The aim behind this expanded count is two-fold: to obtain more reliable information on the extent of homelessness in the United States, and to gain a clearer picture of the number of homeless people who do not seek shelter, a group more likely to comprise the “chronically homeless.” 

Current estimates say that the chronically homeless, those that stay on the street for more than a year at a time or are on the streets more than four times over the course of three years, constitute 10% to 20% of the U.S. homeless population, yet these individuals use more than half of the resources devoted to homeless people nationwide. 

“These counts will help us begin to learn what it is to experience long-term homelessness,” Sullivan said. 

Some homeless advocates, however, warn against reading too much into the data. Michael Stoops, executive director of the National Coalition for the Homeless, said that one problem with a count is that many homeless people may not be in shelters or on the streets, but instead are staying with family and friends or “are doubled or tripled up in a motel somewhere.” 

“The basic situation is that it is impossible to get a scientific count,” he said. “There are always gross undercounts.” 

While acknowledging that the counts provide “only a snapshot” of the homelessness problem, Sullivan argues that HUD’S attempts to gather more comprehensive data are not idle exercises. “[These counts] are important, and not just for HUD,” Sullivan said. “They are critical to the way local as well as federal homeless programs operate and shape the way we target resources on the street.” 

With a record $1.2 billion in competitive HUD grant monies up for grabs in the next fiscal year, as many as 500 cities are expected to comply with HUD’s new request, tallying their unsheltered homeless in order to beef up federal grant applications. 

For some cities, this is the first time they will complete a comprehensive shelter-and-street census. San Francisco stopped tallying its homes in 2002, but did a new count in 2005. Los Angeles did a three-day census in late January, the city’s first-ever attempt at a citywide tally. And New York completed a homeless count in all five boroughs for the first time in 2005. 

Washington has more experience accounting for its homeless population. Service providers and outreach organizations in the metropolitan area have helped the city complete a homeless count every year since 2001, said Michael Ferrell, executive director of the Washington, D.C. Coalition for the Homeless. This annual count is coordinated by the Metropolitan Washington Council of Governments and tracks the number of people living on the streets, in shelters and in transitional and supportive housing. 

Though “no one is naïve enough to think that we get everyone, or that we are 100% on the mark,” Ferrell said, the data produced help area service providers strategically plan outreach efforts. 

In 2001, the council counted 12,850 homeless people in the metropolitan area. In 2002, the figure rose to 13,982; in 2003, 14,276; and in 2004 14,537. 

Stephan Cleghorn, chairman of the Council of Governments committee on homelessness, noted that the District proper is home to between 7,000 and 8,000 homeless people who account for more than half of the regions homeless, with between 300 and 600 of them living on the streets. 

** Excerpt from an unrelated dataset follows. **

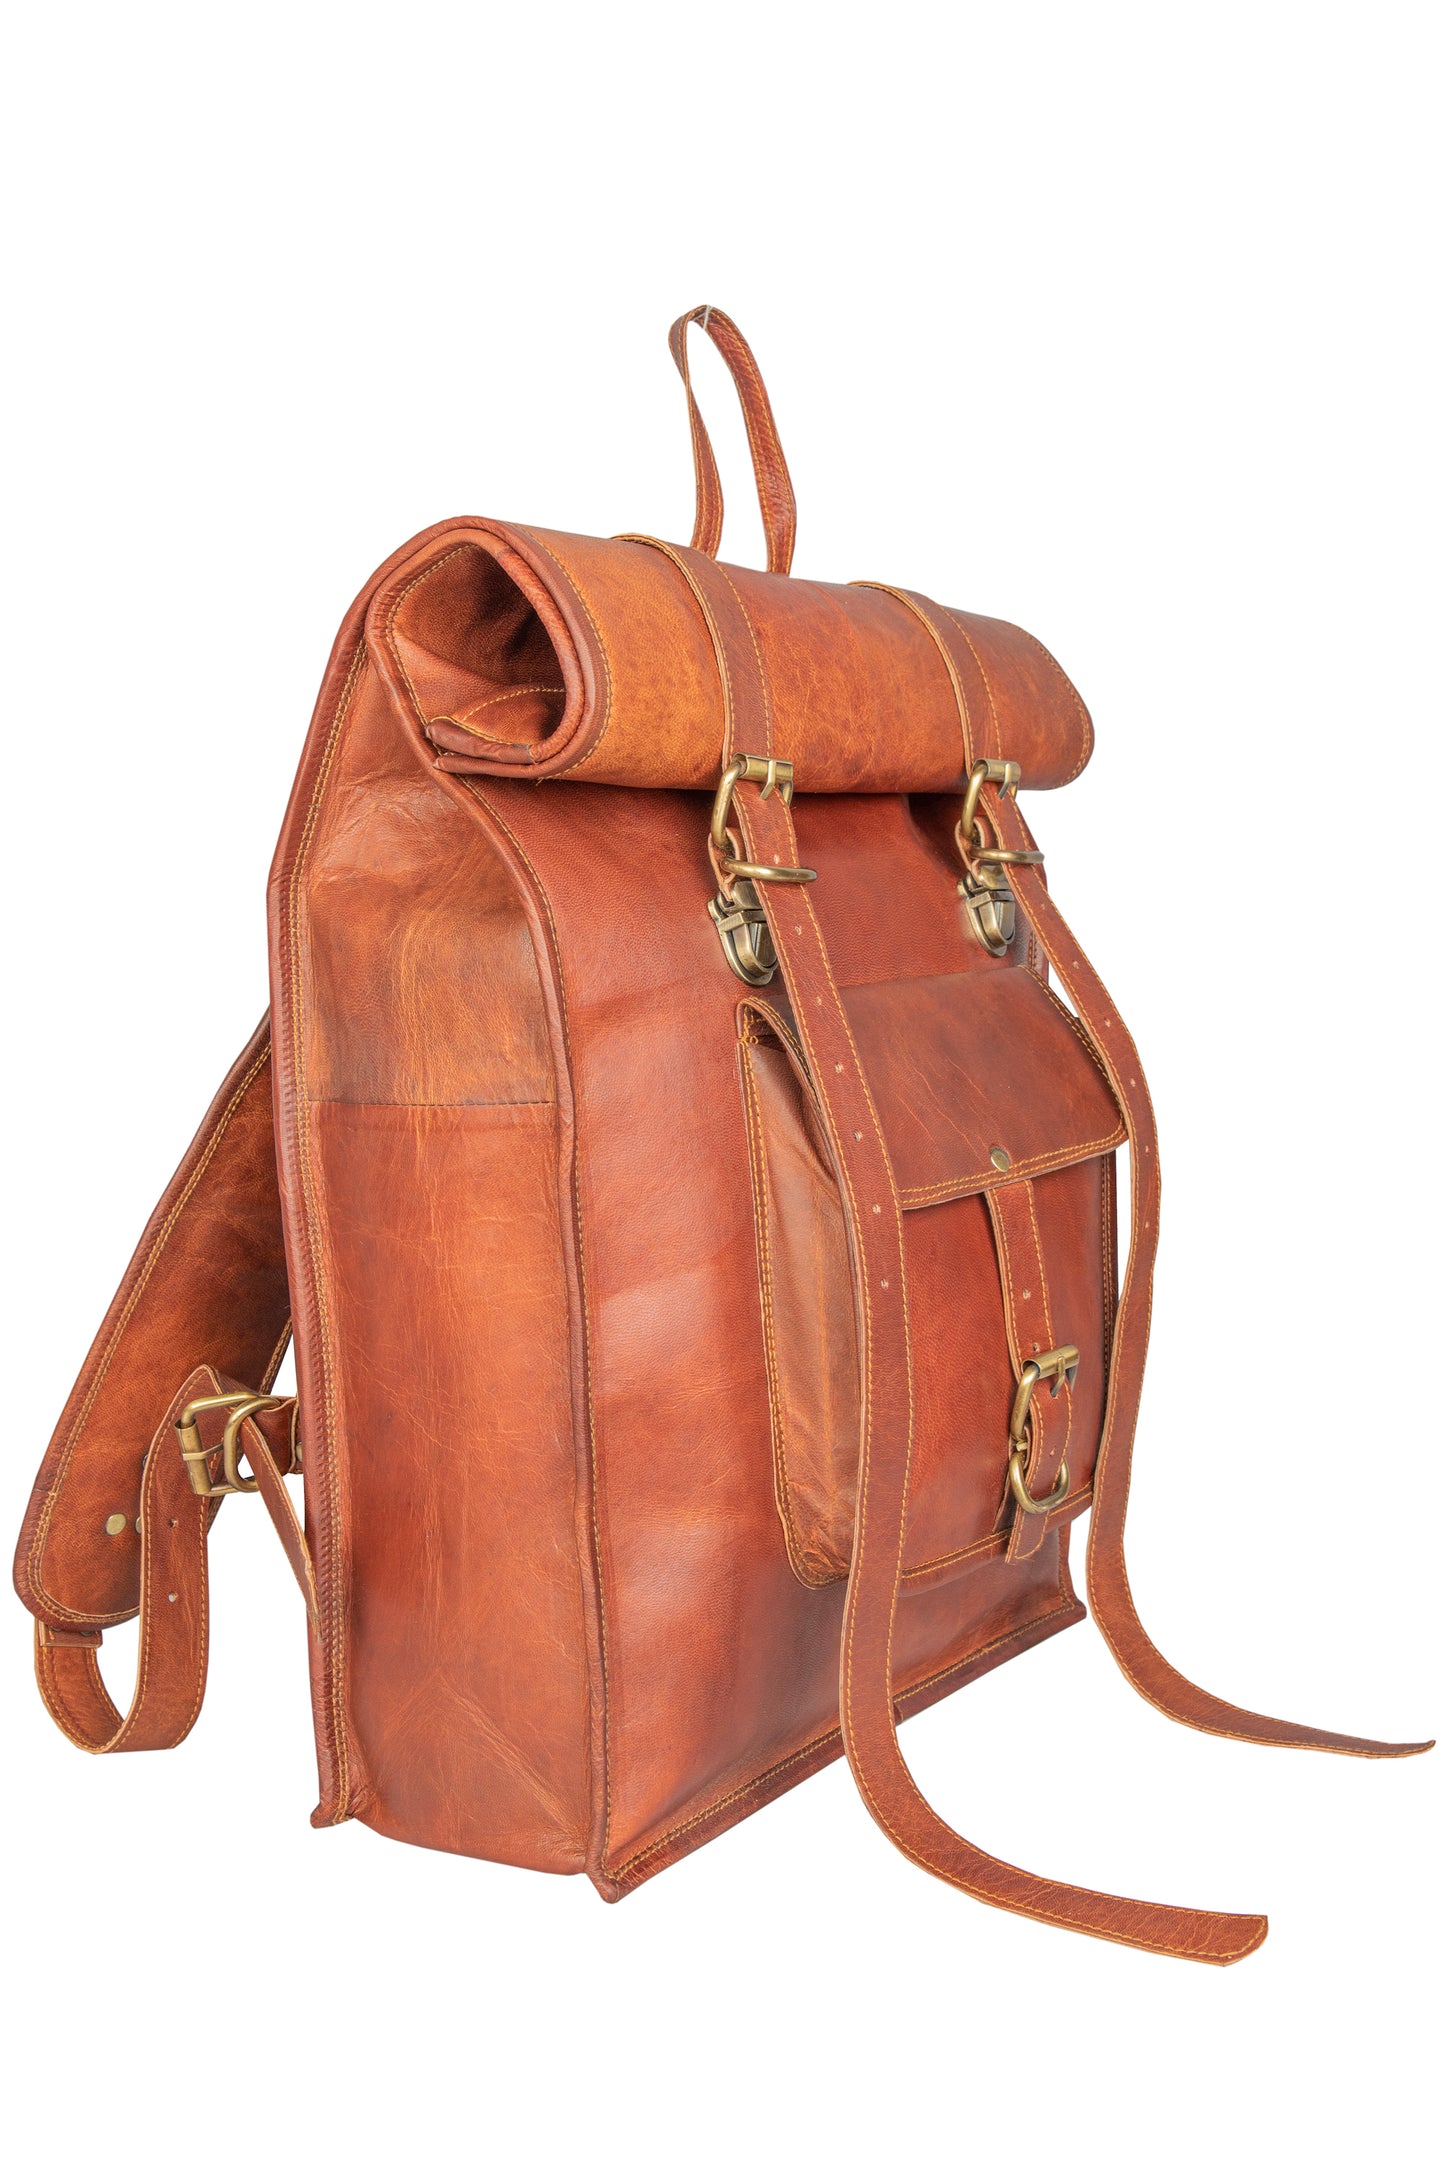 Retro Rucksack Rolling Backpack Bag .

Unlike New York, D.C. does not rely on a volunteer corps to comb the streets. The last time D.C. mustered volunteers for a homeless street count was in 2000, to gather census data. Organizers of that event concluded that it didn’t work well, said Cleghorn. Volunteers had a hard time finding people, the count was unreliable, and the event took a disproportionate amount of scarce resources. 

“As important as [the street-dwelling homeless] are,” Cleghorn said, “They are a relatively small component of the entire homeless population in the District.” 

Instead, said Cleghorn, the council asks outreach organizations to estimate the number of people on the streets in their jurisdictions on a single night in late January. Between seven and nine organizations in D.C. provide these statistics. 

Gregory Hill, a street outreach worker at the drop-in center at Rachel’s Women’s Center in Northwest, works with roughly 11 people per day. But because he regularly canvasses a roughly 40-square-block area downtown, he’s also familiar with a far larger number of homeless who stay in certain parks or on particular corners. He adds their number to those he actually contacts in late January when calculation his street count data.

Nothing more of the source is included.